▶ **What is being asked**
Take the lines from the one with "Снимок экрана: окно" through the last line of the material below and write them out exactly, without any pictures.

▶ **Dataset content**

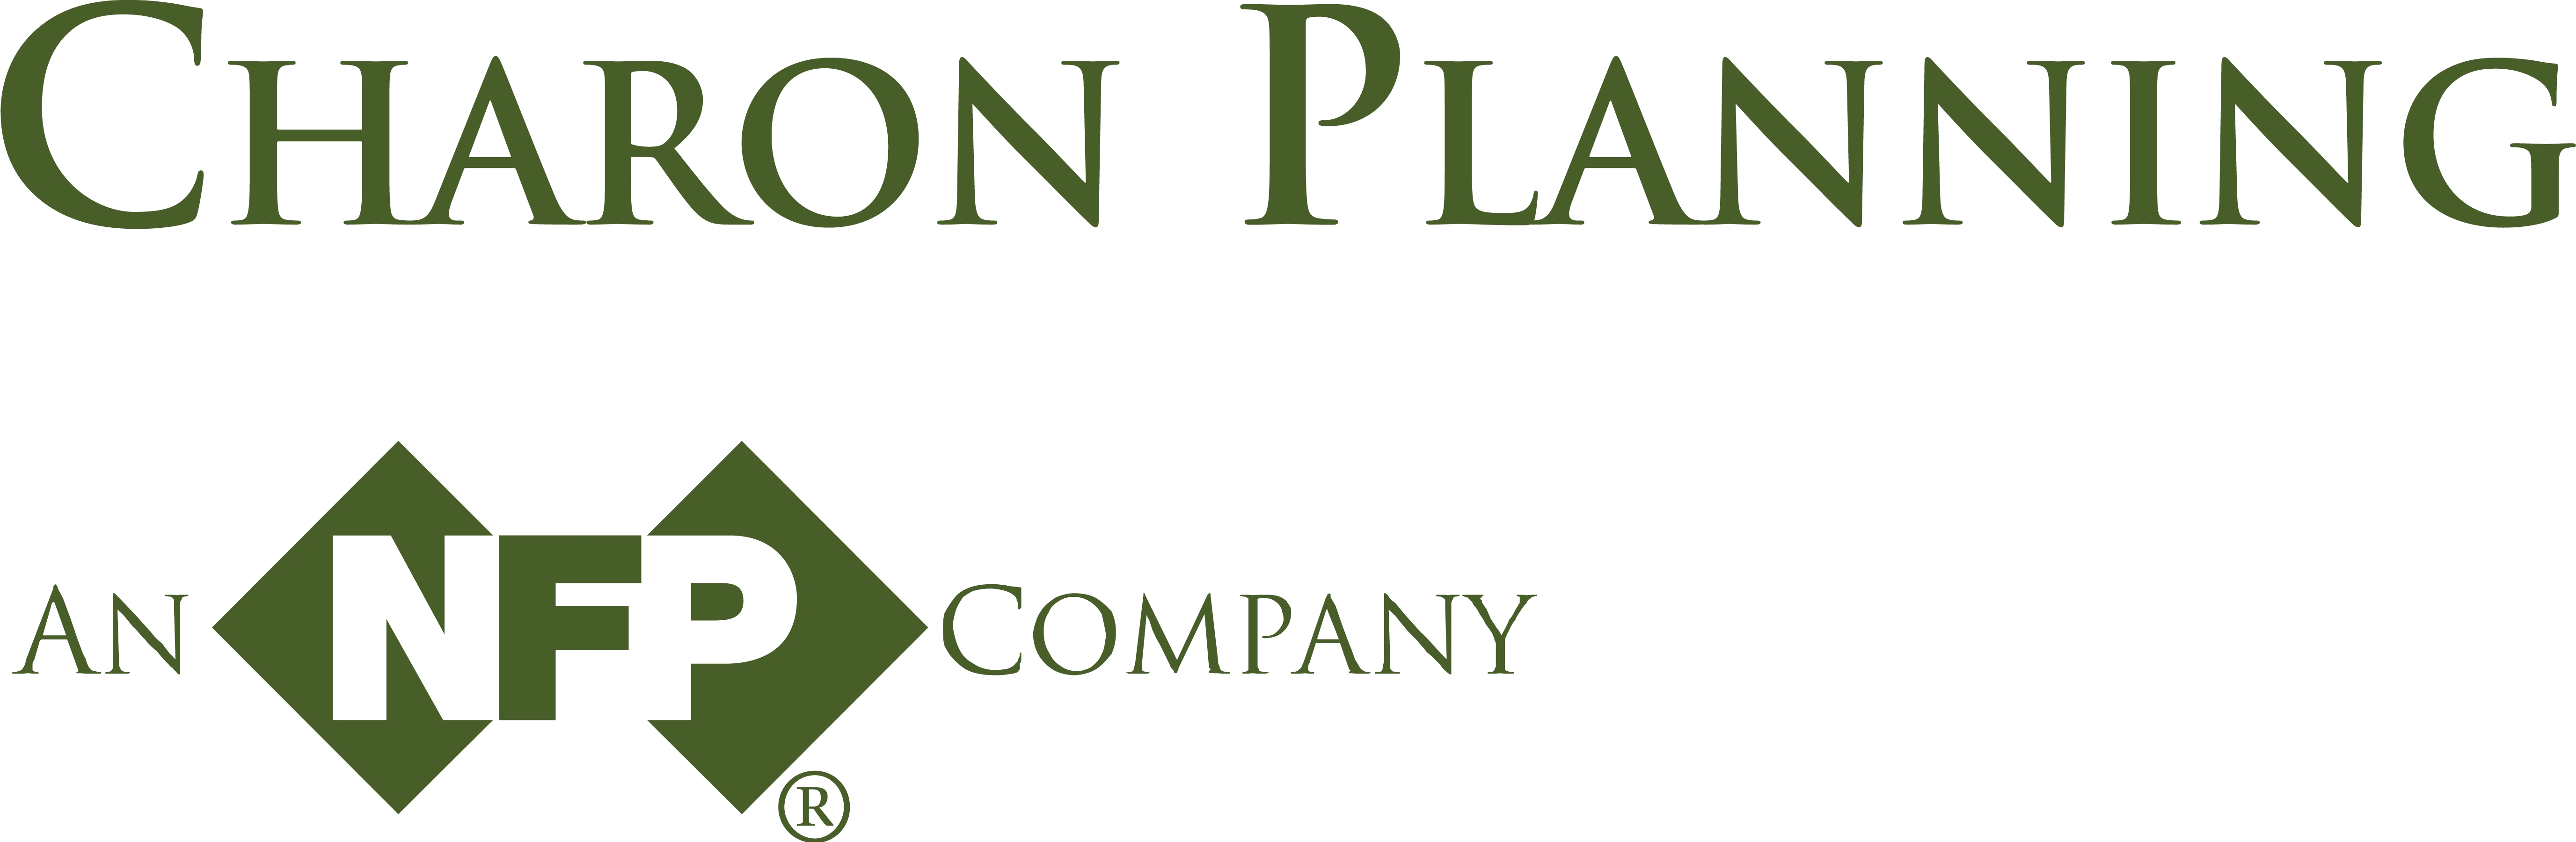 Charon Planning Corporation logo
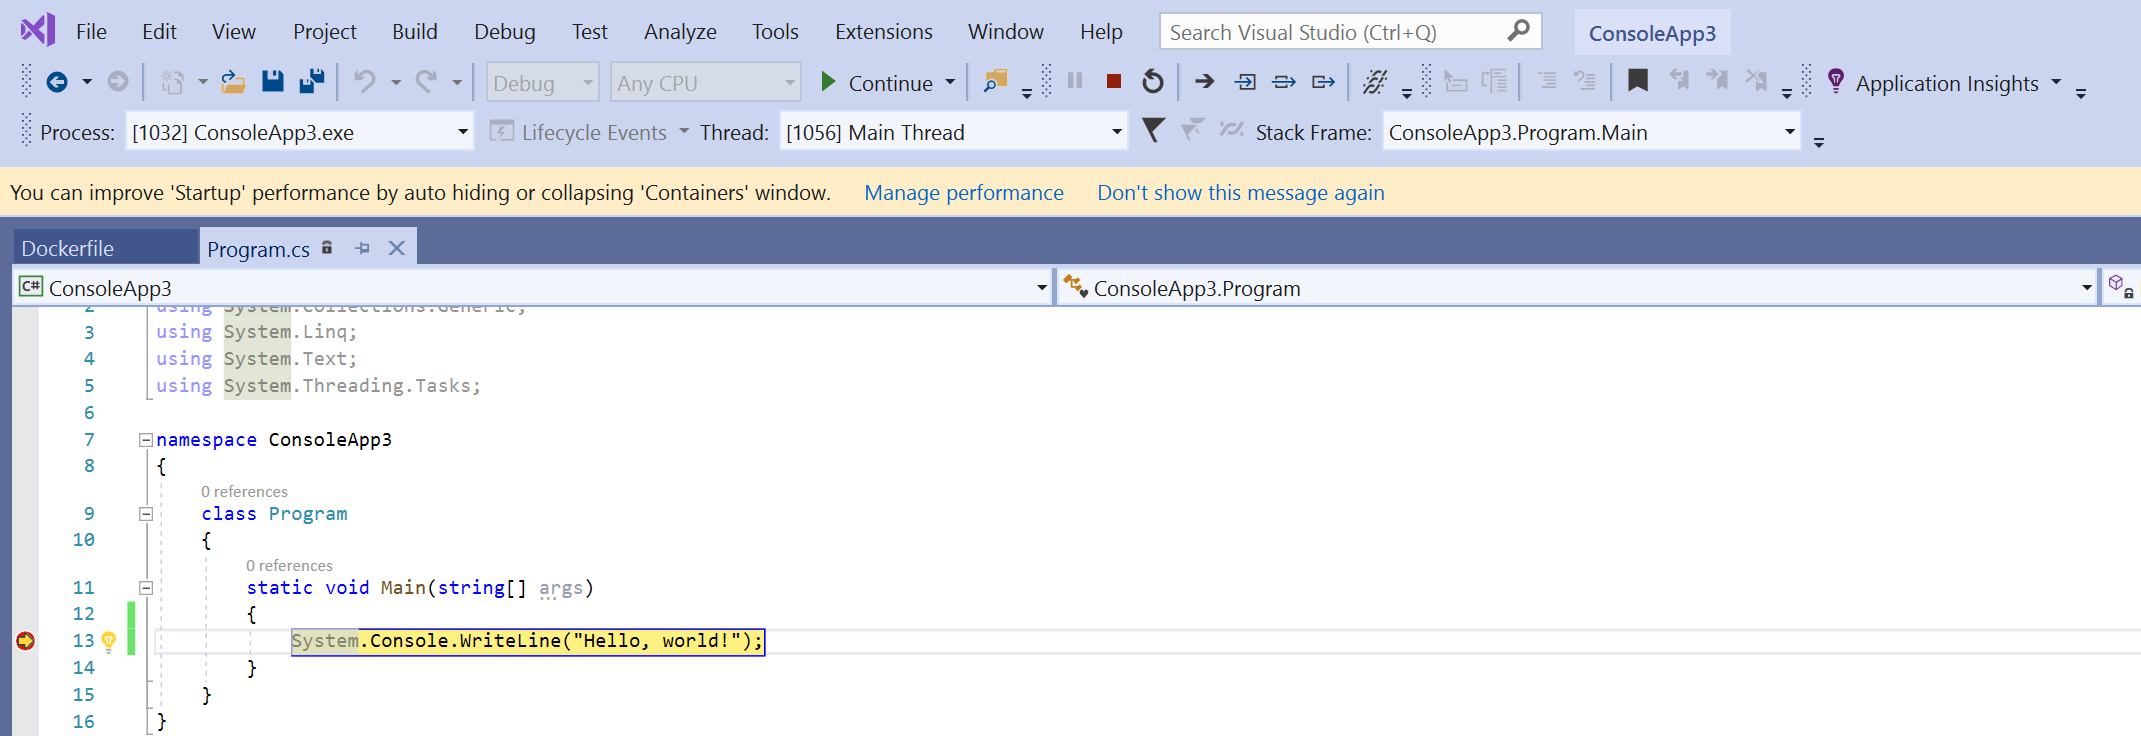 Снимок экрана: окно кода для Program.cs в Visual Studio, для которого точка останова установлена слева от строки кода, выделенной желтым цветом.
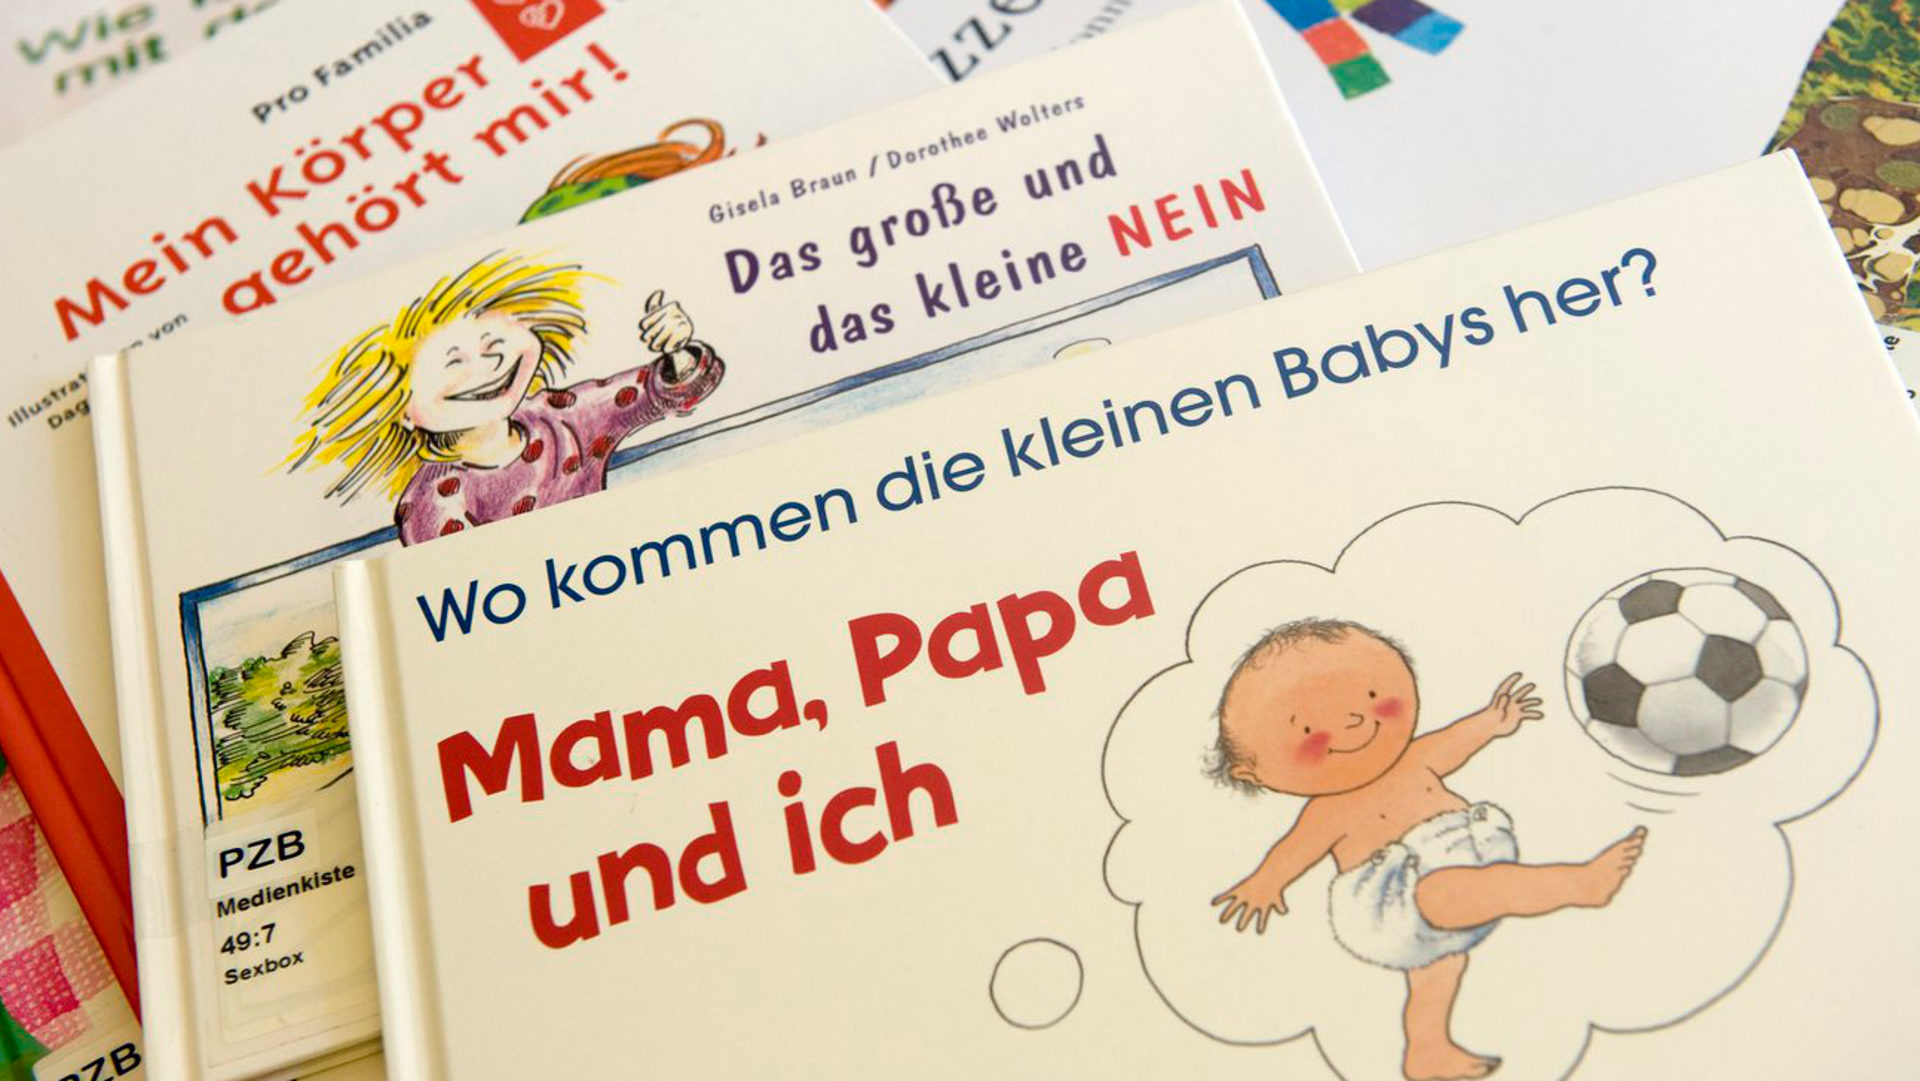 Bücher aus der "Sex-Box" für den Sexualkundeunterricht in Basel

▶ **Answer below**
 Снимок экрана: окно кода для Program.cs в Visual Studio, для которого точка останова установлена слева от строки кода, выделенной желтым цветом.
 Bücher aus der "Sex-Box" für den Sexualkundeunterricht in Basel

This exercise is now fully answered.